### Material provided
--- START ---

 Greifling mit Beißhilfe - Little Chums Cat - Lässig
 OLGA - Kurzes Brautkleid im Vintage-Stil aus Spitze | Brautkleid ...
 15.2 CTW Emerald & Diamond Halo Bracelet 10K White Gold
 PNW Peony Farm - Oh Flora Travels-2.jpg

--- END ---

### Work order
Return the whole listing, keeping each word as it stands.

### Solution for this task
 Greifling mit Beißhilfe - Little Chums Cat - Lässig
 OLGA - Kurzes Brautkleid im Vintage-Stil aus Spitze | Brautkleid ...
 15.2 CTW Emerald & Diamond Halo Bracelet 10K White Gold
 PNW Peony Farm - Oh Flora Travels-2.jpg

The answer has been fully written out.